Nebraska residents may be aware that federal regulations restrict the amount of time that truck and bus drivers can spend behind the wheel. The regulations are in place to prevent accidents involving heavy commercial vehicles caused by fatigued drivers, but accident investigators have long complained that the paper logs that used by drivers to keep track of their hours can be easily falsified or altered.
Electronic devices are more difficult to tamper with, and the Federal Motor Carrier Safety Administration says that a December 2015 change in the rules will make them the required way for about 3 million bus and truck drivers to keep track of their hours worked and miles driven. The electronic devices record the vehicle's position and movement as well as the length of time that the engine has been in use and the amount of distance the vehicle has covered.
Truck owners and the operators of small fleets of commercial vehicles have resisted the change to electronic vehicle monitoring. They cite concerns over costs and also claim that the data recorded will be available to their customers and used to apply pressure to keep trucks moving. The Owner-Operator Independent Drivers Association even filed a lawsuit seeking to block the new FMCSA regulation. However, the FMCSA believes that electronic vehicle monitoring will save about $1 billion each year due to reduced paperwork and about 26 lives each year due to fewer commercial vehicle accidents.

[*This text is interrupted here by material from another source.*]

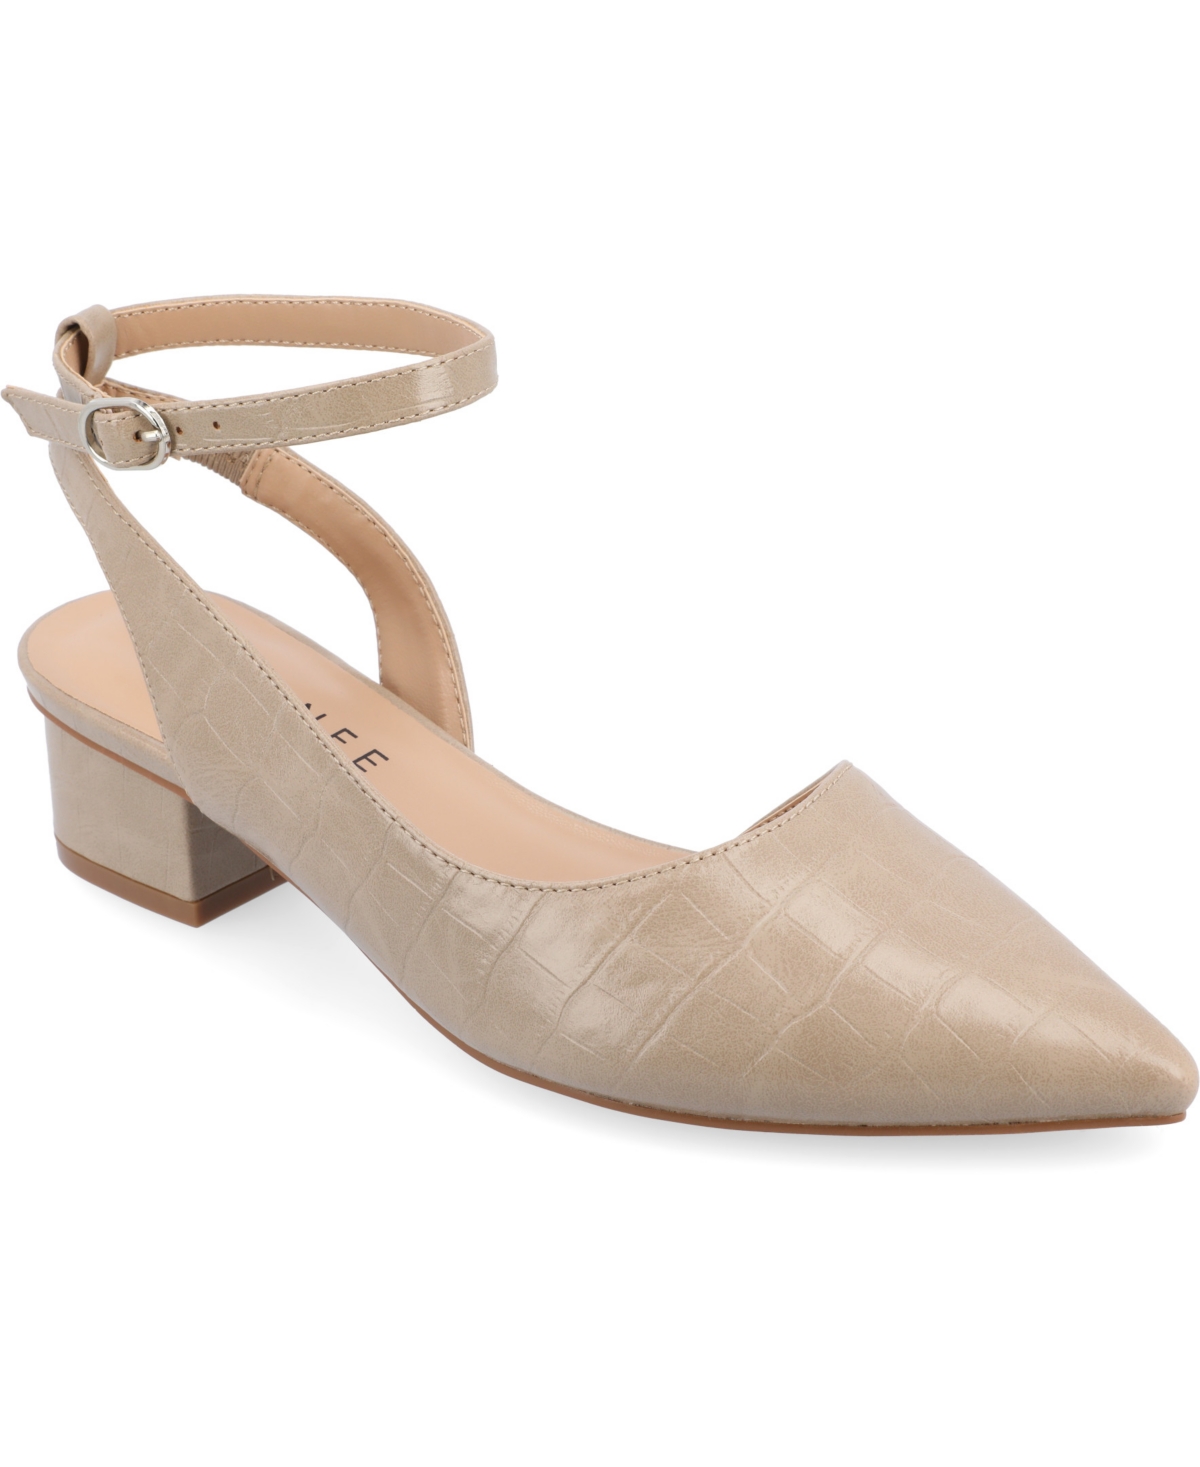 Women's Keefa Wide Width Ankle Strap Flats - Taupe

Accidents involving a fatigued truck driver often result in death or catastrophic injuries for other road users, and both drivers and their employers could face civil and criminal sanctions if it is discovered that federal safety regulations were violated. Personal injury attorneys may review accident reports and witness accounts and file lawsuits on behalf of accident victims when there are indications that a truck driver may have fallen asleep at the wheel.